- [THE TASK]
What's needed is the listing below, repeated word for word with no pictures.

- [SUPPLIED INFORMATION]
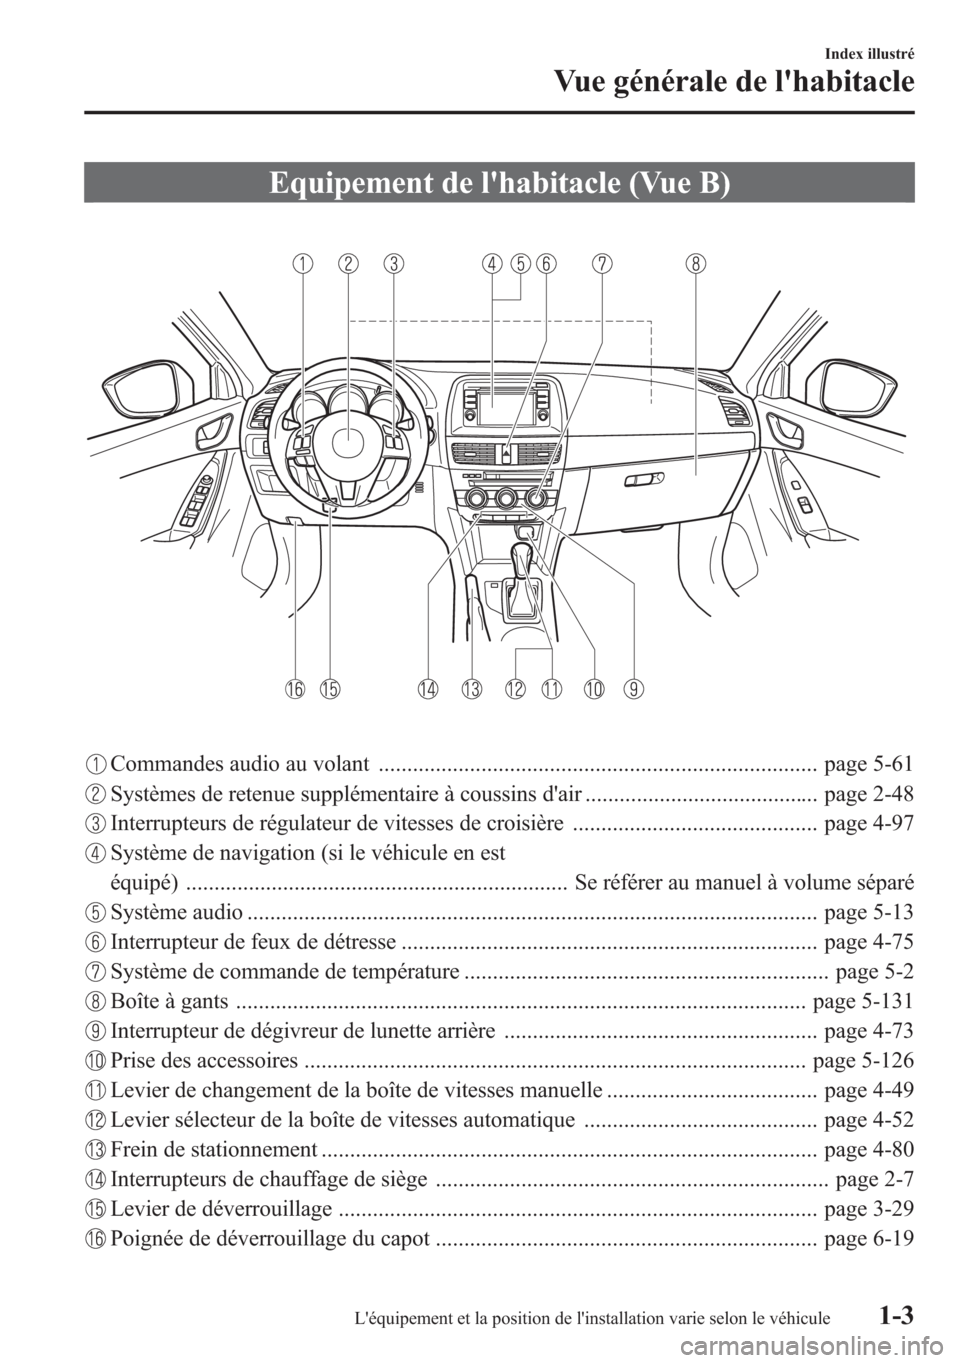 MAZDA MODEL CX-5 2014  Manuel du propriétaire (in French) Equipement de lhabitacle (Vue B)
Commandes audio au volant ............................................................................. page 5-61
Systèmes de retenue supplémentaire à coussins da

- [RESULT FOR THIS EXERCISE]
 MAZDA MODEL CX-5 2014  Manuel du propriétaire (in French) Equipement de lhabitacle (Vue B)
Commandes audio au volant ............................................................................. page 5-61
Systèmes de retenue supplémentaire à coussins da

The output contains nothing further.